**Exercise aim**: Output the full listing exactly.

**Available data**:
───

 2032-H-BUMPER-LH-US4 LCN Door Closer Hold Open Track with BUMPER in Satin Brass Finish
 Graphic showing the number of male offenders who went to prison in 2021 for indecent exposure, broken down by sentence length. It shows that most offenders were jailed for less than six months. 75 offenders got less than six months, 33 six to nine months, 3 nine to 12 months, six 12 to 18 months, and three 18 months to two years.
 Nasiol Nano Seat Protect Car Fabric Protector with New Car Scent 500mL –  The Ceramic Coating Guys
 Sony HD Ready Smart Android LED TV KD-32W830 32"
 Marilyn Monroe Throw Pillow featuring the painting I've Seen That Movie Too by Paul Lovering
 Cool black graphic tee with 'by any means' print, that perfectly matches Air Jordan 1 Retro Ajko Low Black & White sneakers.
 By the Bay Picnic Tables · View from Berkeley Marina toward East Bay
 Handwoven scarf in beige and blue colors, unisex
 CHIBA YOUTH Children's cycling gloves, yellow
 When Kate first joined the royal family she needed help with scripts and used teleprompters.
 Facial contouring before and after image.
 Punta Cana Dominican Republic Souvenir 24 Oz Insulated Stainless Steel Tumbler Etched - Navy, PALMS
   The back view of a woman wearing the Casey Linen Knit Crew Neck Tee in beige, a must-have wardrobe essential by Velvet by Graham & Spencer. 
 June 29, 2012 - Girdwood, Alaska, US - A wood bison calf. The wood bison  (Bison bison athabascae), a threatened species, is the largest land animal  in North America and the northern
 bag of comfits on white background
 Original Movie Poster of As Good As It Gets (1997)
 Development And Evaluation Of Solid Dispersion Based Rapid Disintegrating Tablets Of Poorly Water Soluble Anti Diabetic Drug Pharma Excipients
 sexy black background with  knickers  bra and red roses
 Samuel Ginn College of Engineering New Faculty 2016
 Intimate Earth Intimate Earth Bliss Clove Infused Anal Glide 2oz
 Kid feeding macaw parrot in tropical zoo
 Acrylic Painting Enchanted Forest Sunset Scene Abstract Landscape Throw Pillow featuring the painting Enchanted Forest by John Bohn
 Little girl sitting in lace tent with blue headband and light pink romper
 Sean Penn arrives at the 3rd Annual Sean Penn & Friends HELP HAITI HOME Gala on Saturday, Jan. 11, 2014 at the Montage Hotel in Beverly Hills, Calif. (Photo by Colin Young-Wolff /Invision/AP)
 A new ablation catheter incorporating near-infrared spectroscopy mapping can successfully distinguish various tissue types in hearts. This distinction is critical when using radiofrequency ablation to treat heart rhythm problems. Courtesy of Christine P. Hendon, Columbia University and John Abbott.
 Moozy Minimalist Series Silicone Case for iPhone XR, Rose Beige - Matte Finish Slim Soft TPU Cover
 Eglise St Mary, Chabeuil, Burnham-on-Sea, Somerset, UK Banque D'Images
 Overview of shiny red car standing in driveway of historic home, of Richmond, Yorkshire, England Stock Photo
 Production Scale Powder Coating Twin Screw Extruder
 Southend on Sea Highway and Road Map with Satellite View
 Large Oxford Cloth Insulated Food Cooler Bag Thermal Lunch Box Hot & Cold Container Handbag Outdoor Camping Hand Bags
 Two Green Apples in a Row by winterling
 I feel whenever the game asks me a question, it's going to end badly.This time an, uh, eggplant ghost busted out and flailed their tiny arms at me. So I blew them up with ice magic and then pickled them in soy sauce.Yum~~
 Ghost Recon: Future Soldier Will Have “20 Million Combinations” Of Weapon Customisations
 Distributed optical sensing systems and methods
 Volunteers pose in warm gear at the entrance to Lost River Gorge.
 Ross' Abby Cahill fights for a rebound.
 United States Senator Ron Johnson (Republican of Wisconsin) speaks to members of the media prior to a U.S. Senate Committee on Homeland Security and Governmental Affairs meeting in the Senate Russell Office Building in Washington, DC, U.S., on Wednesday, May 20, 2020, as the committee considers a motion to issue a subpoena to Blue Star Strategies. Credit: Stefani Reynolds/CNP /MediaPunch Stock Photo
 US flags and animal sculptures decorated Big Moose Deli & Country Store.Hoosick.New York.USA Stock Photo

───

**Expected answer**:
 2032-H-BUMPER-LH-US4 LCN Door Closer Hold Open Track with BUMPER in Satin Brass Finish
 Graphic showing the number of male offenders who went to prison in 2021 for indecent exposure, broken down by sentence length. It shows that most offenders were jailed for less than six months. 75 offenders got less than six months, 33 six to nine months, 3 nine to 12 months, six 12 to 18 months, and three 18 months to two years.
 Nasiol Nano Seat Protect Car Fabric Protector with New Car Scent 500mL –  The Ceramic Coating Guys
 Sony HD Ready Smart Android LED TV KD-32W830 32"
 Marilyn Monroe Throw Pillow featuring the painting I've Seen That Movie Too by Paul Lovering
 Cool black graphic tee with 'by any means' print, that perfectly matches Air Jordan 1 Retro Ajko Low Black & White sneakers.
 By the Bay Picnic Tables · View from Berkeley Marina toward East Bay
 Handwoven scarf in beige and blue colors, unisex
 CHIBA YOUTH Children's cycling gloves, yellow
 When Kate first joined the royal family she needed help with scripts and used teleprompters.
 Facial contouring before and after image.
 Punta Cana Dominican Republic Souvenir 24 Oz Insulated Stainless Steel Tumbler Etched - Navy, PALMS
   The back view of a woman wearing the Casey Linen Knit Crew Neck Tee in beige, a must-have wardrobe essential by Velvet by Graham & Spencer. 
 June 29, 2012 - Girdwood, Alaska, US - A wood bison calf. The wood bison  (Bison bison athabascae), a threatened species, is the largest land animal  in North America and the northern
 bag of comfits on white background
 Original Movie Poster of As Good As It Gets (1997)
 Development And Evaluation Of Solid Dispersion Based Rapid Disintegrating Tablets Of Poorly Water Soluble Anti Diabetic Drug Pharma Excipients
 sexy black background with  knickers  bra and red roses
 Samuel Ginn College of Engineering New Faculty 2016
 Intimate Earth Intimate Earth Bliss Clove Infused Anal Glide 2oz
 Kid feeding macaw parrot in tropical zoo
 Acrylic Painting Enchanted Forest Sunset Scene Abstract Landscape Throw Pillow featuring the painting Enchanted Forest by John Bohn
 Little girl sitting in lace tent with blue headband and light pink romper
 Sean Penn arrives at the 3rd Annual Sean Penn & Friends HELP HAITI HOME Gala on Saturday, Jan. 11, 2014 at the Montage Hotel in Beverly Hills, Calif. (Photo by Colin Young-Wolff /Invision/AP)
 A new ablation catheter incorporating near-infrared spectroscopy mapping can successfully distinguish various tissue types in hearts. This distinction is critical when using radiofrequency ablation to treat heart rhythm problems. Courtesy of Christine P. Hendon, Columbia University and John Abbott.
 Moozy Minimalist Series Silicone Case for iPhone XR, Rose Beige - Matte Finish Slim Soft TPU Cover
 Eglise St Mary, Chabeuil, Burnham-on-Sea, Somerset, UK Banque D'Images
 Overview of shiny red car standing in driveway of historic home, of Richmond, Yorkshire, England Stock Photo
 Production Scale Powder Coating Twin Screw Extruder
 Southend on Sea Highway and Road Map with Satellite View
 Large Oxford Cloth Insulated Food Cooler Bag Thermal Lunch Box Hot & Cold Container Handbag Outdoor Camping Hand Bags
 Two Green Apples in a Row by winterling
 I feel whenever the game asks me a question, it's going to end badly.This time an, uh, eggplant ghost busted out and flailed their tiny arms at me. So I blew them up with ice magic and then pickled them in soy sauce.Yum~~
 Ghost Recon: Future Soldier Will Have “20 Million Combinations” Of Weapon Customisations
 Distributed optical sensing systems and methods
 Volunteers pose in warm gear at the entrance to Lost River Gorge.
 Ross' Abby Cahill fights for a rebound.
 United States Senator Ron Johnson (Republican of Wisconsin) speaks to members of the media prior to a U.S. Senate Committee on Homeland Security and Governmental Affairs meeting in the Senate Russell Office Building in Washington, DC, U.S., on Wednesday, May 20, 2020, as the committee considers a motion to issue a subpoena to Blue Star Strategies. Credit: Stefani Reynolds/CNP /MediaPunch Stock Photo
 US flags and animal sculptures decorated Big Moose Deli & Country Store.Hoosick.New York.USA Stock Photo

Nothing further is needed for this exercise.